2.7 Measurement of the viscosity and density

Viscosity of LLS and LL solvent systems were measured as follows: a series of solvent systems composed of n-hexane–ethyl acetate–methanol–water at a volume ratio of 5 : 6.5 : 5 : 6.5 were prepared in separated funnels; different amount of MWCNTs/OMCS was added to the above prepared solvent systems; all the solvent systems were shaken violently and allowed to thoroughly equilibrate at room temperature; 100.0 mL upper and lower phase of each solvent system were put into a 250.0 mL beaker; the measurement of viscosity was carried out at room temperature by NDJ-8S digital viscometer equipped with a 0 rotor. 60 rpm shear rate was applied in the viscosity measurement. The density of each phase was simply measured by weighing 5.0 mL upper and lower phase of each solvent system and the density was calculated with the formula: ρ = m/v, where ρ is density, m and v refer to weight and volume, respectively.

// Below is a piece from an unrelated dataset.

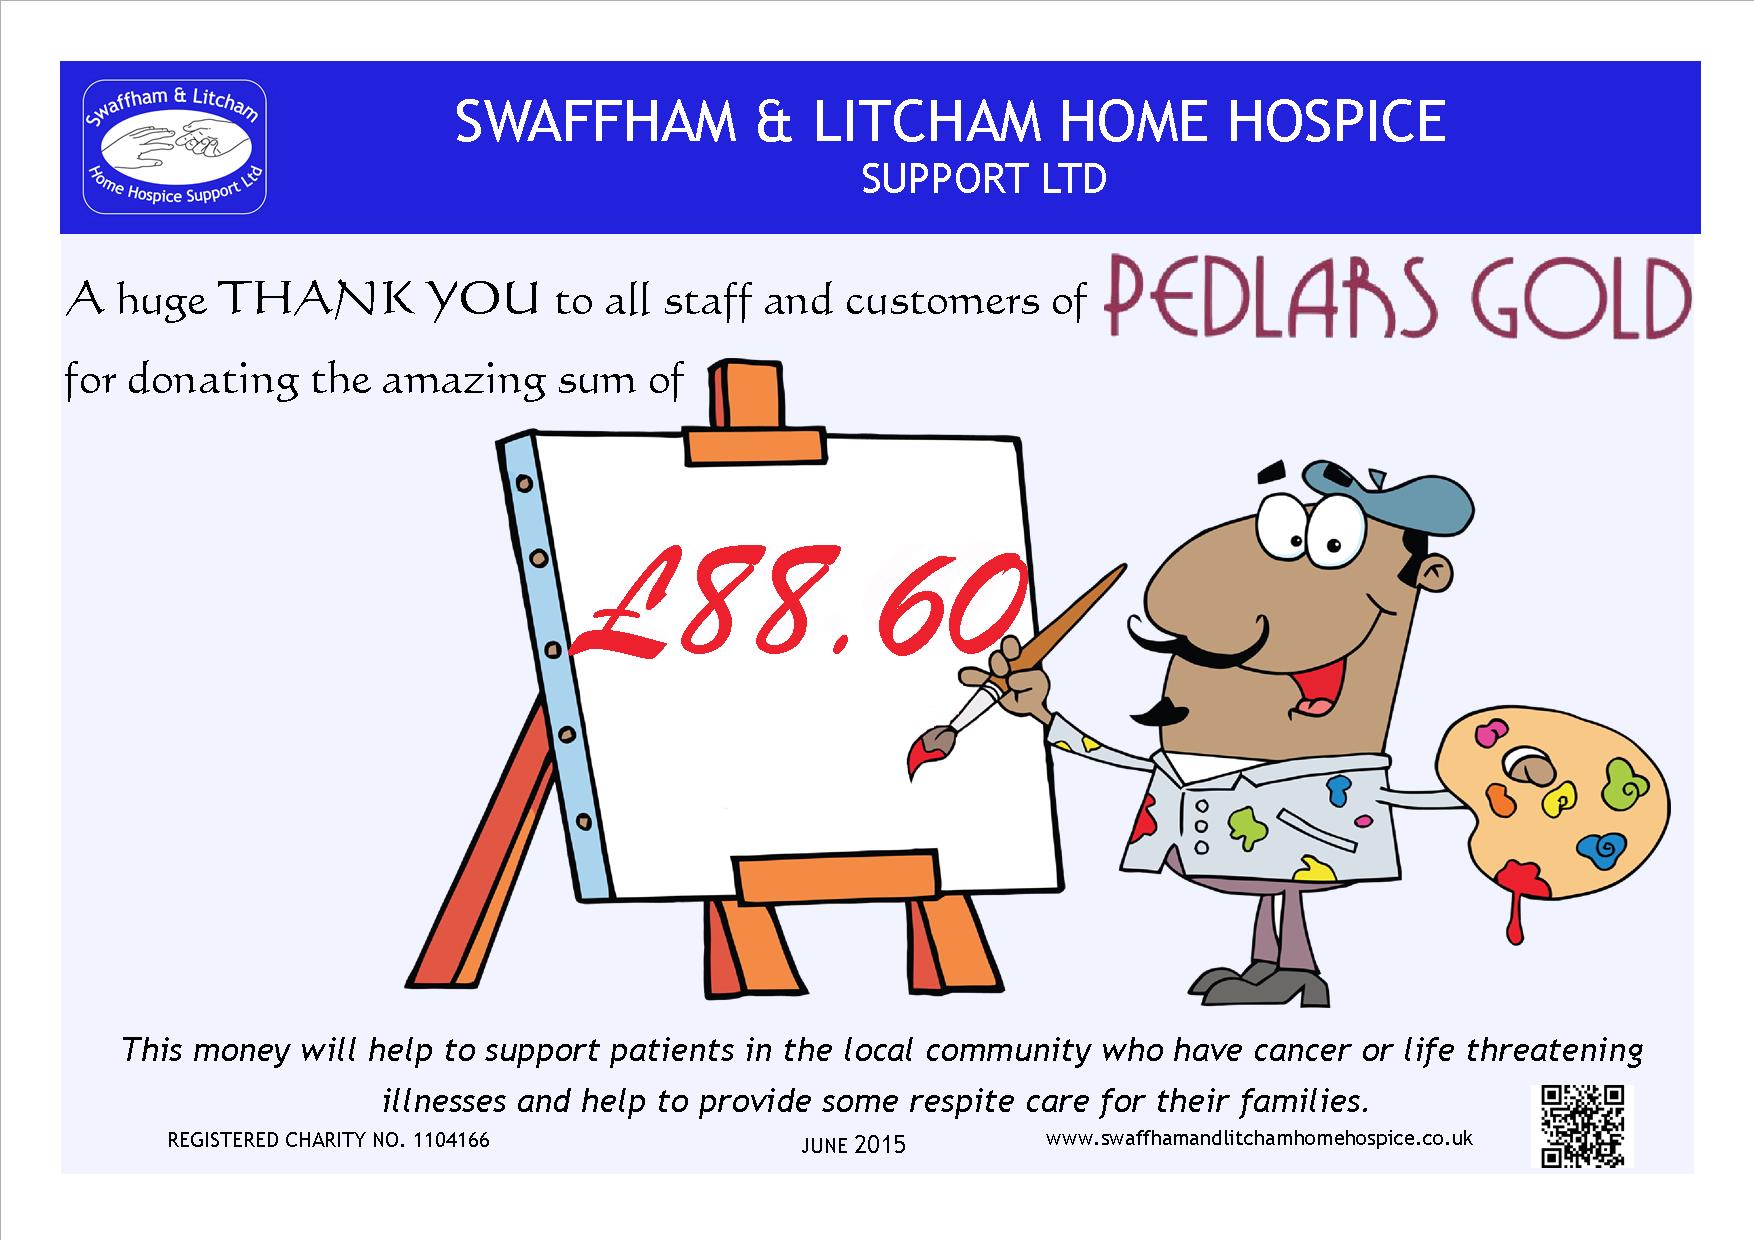 Donations by Staff & Customers of Pedlars Gold Swaffham
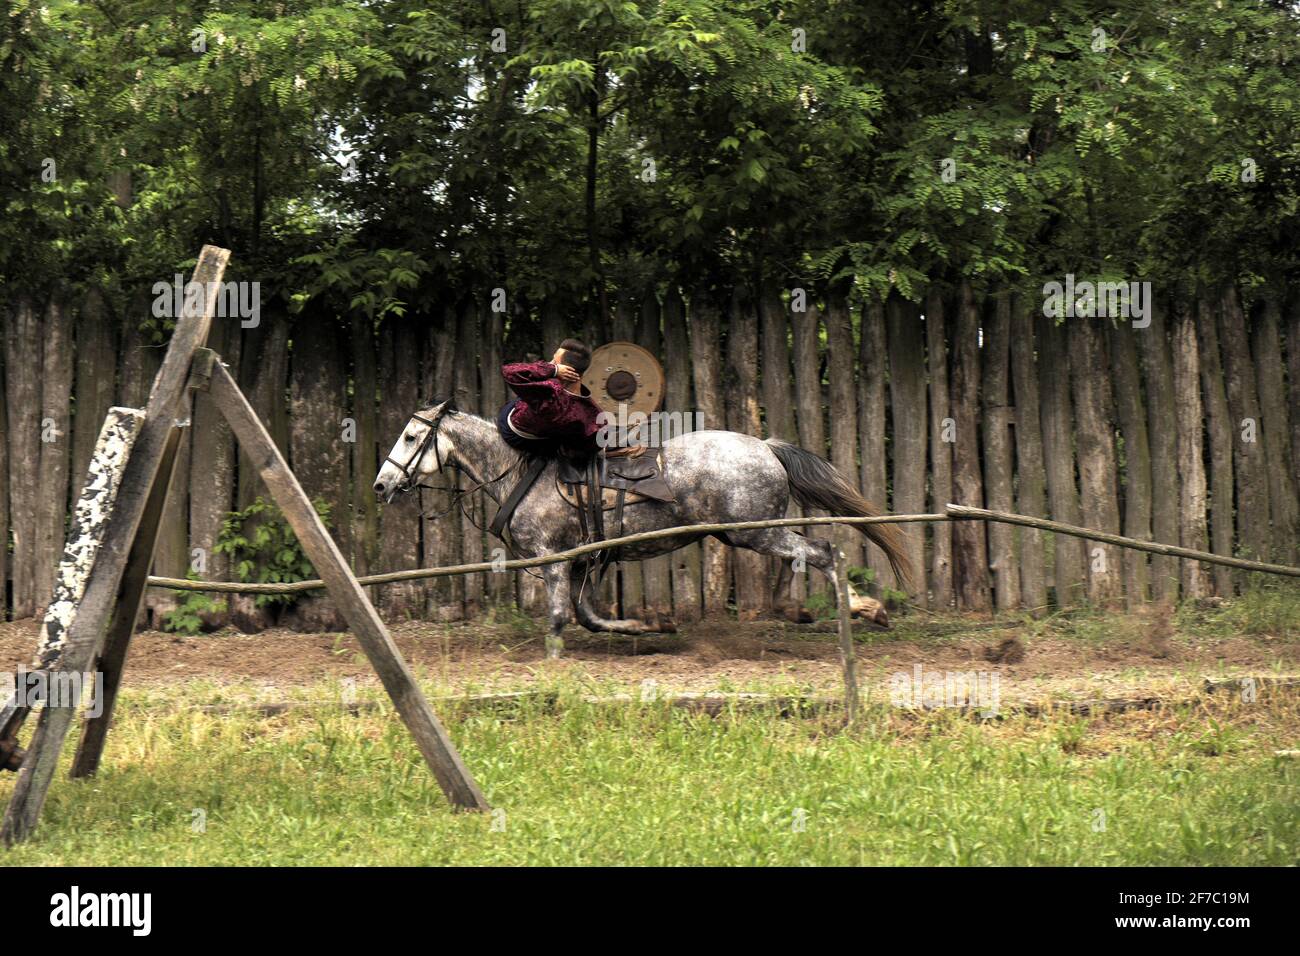 Display of Cossack horsemanship, Khortitsa Island, River Dnieper, Zaporozhye, Ukraine. Stock Photo

2.8 HSCCC separation procedure

2.8.1 Preparation of the biphasic solvent system and sample solution. The selected LLS three-phase and LL two-phase solvent systems composed of n-hexane–ethyl acetate–methanol–water (5 : 6.5 : 5 : 6.5, v/v/v/v) and different amount of MWCNTs/OMCS were prepared to separate flavonol aglycons. The LLS three-phase and LL two-phase solvent systems were firstly mixed in a separation funnel by repeated vigorous shaking, and then left to equilibrate at room temperature. The two liquid phases were separated and degassed by ultrasonication for 30 min shortly before use. Sample solution was prepared as follows: 1.0 mg of each flavonol aglycon (quercetin, luteolin and kaempferol) was dissolved in 1.0 mL of the solvent consisting of equal volume of each phase by sonication for analytical HSCCC separation.

2.8.2 HSCCC separation. Because “tail-to-head”-mode was used for HSCCC separation in this study, so at the beginning, the lower phase used as stationary phase was loaded into the HSCCC apparatus to fill the multilayer coiled column at a flow-rate of 5.0 mL min⁻¹. As the apparatus was running at a revolution speed of 1600 rpm, the upper phase (mobile phase) was pumped into the column at a flow-rate of 0.8 mL min⁻¹. After hydrodynamic equilibrium was reached as indicated by a clear mobile phase eluting at the outlet, the sample solution was finally applied into the separation column through the injection valve. The effluent from the outlet of the column was continuously monitored with UV-vis detector. All through the experiment, the separation temperature was controlled at 30 °C. The peak fractions were collected according to the elution profile.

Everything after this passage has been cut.